Haben Sie schon einmal versucht einen Manager oder Wissenschaftler mit nur einer einzigen Aussage so zu verwirren, dass seine Reaktion einem Armageddon gleichkommt? Versuchen Sie es mal mit dieser Aussage: „Manager und Wissenschaftler entscheiden nicht rational“.

In der Regel nehmen Manager, Entscheider, Politiker, Wissenschaftler in Anspruch, sich rational zu verhalten. Für Wissenschaftler, zum Beispiel den Ökonomen bedeutet dies, dass die Präferenzen der Menschen in sich widerspruchsfrei sind. Manager und Entscheider in der Politik oder in großen Organisationen beschreiben Menschen als rational, wenn ihr Denken und Verhalten an Zielen ausgerichtet ist. Soweit zudem wie viele von uns sein wollen. „Uns“ sind die Mutter, der Ehemann, die Managerin, der Politiker, also Entscheider im Privaten, wie im Beruflichen.

Heute gibt es erdrückende Belege dafür, dass wir nicht rational sein können. So konnte gezeigt werden, dass die Quote positiver Entscheidungen israelischer Bewährungsrichter, die normalerweise im Durchschnitt bei 35 % lag, auf sensationelle 65 % hochschnellte, wenn die Verfahren nach dem Mittagessen entschieden wurden. An der Harvard Medical School wurden Ärzten in zwei zufällig ausgewählten Gruppen die statistischen Daten zweier Behandlungsmethoden (Bestrahlung und Operation) für Lungenkrebs vorgelegt. Beide Hälften erhielten die gleichen Daten, Gruppe 1 als „Ein-Monats-Überlebensrate von 90 Prozent“, Gruppe 2 als „Sterblichkeitsrate im ersten Monat von 10 Prozent“. Die Fachärzte beider Gruppen kommen, obwohl es sich um die gleichen Daten handelt, zu unterschiedlichen Behandlungsempfehlungen: Während sich bei der ersten Aussage 84 Prozent der Ärzte für eine Operation entschieden, haben in der zweiten Aussage 50 % für eine Bestrahlung gestimmt. Überleben ist gut, Sterblichkeit ist schlecht⁠1.

Die zahlreichen Experimente, Modelle, Belege, die es zwischenzeitlich gibt, werden aber von Vielen (Alphatieren) ausgeblendet.
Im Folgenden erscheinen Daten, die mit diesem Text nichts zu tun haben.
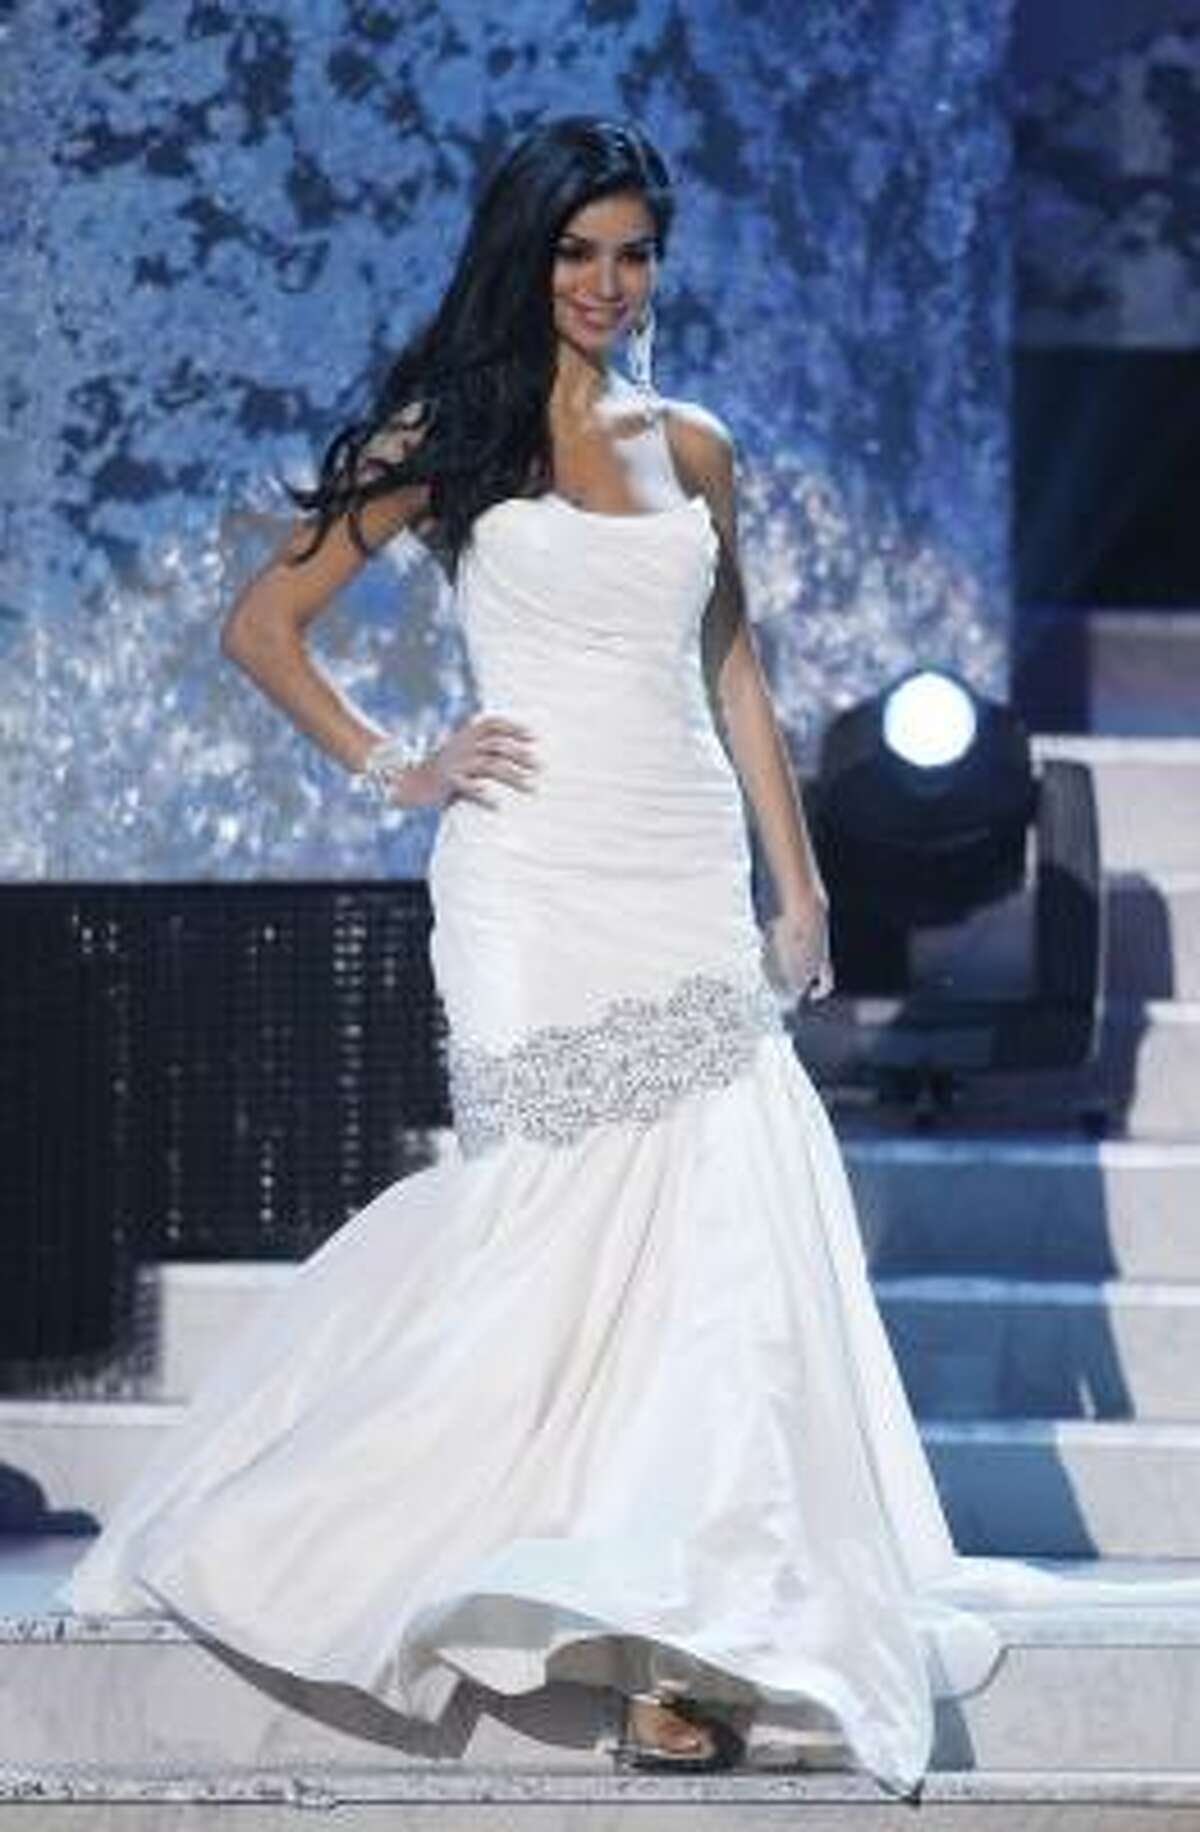 Miss USA, Rima Fakih

Das betrifft andere, aber nicht die eigene Person. Die eigene Karriere, der eigene Machtanspruch erklärt sich aus Fleiß und vernunftgeleitetem, an Zielen orientiertem Verhalten. Auch die Richter glaubten nicht, dass das Mittagessen ihre Urteilskraft beeinflussen könnte.

Sind wir irrational, wenn wir nicht rational sind? Irrationalität wird mit Worten wie Emotionen, fehlender Selbstkontrolle, mangelhaftem Einsichtvermögen verbunden. Das möchten viele von uns nicht sein. Verständlich. Die aktuelle Forschung versucht auch nicht, das Modell des rationalen Homo oecnomucus durch ein – wie auch immer geartetes „Modell des Homo irrationalis“ zu ersetzen. Es geht nicht um das Gegenteil. Vielmehr kann aufgezeigt werden, dass das menschliche Verhalten, unsere Entscheidungen, sich mit dem Modell des rationalen Menschen nicht gut beschreiben lassen. Wenn dieses Modell aber den Entscheidungen der Unternehmen zugrunde liegt, muss dies zwangsläufig zu Fehlentscheidungen führen. Erfolge sind dann zufällig. Kundenorientierung kann so im Unternehmen nicht verwirklicht werden.

Übrigens lassen sich die Erfolge eines Donald Trump oder der AfD nicht rational erklären, wohl aber mit Motiven, die uns Menschen leiten.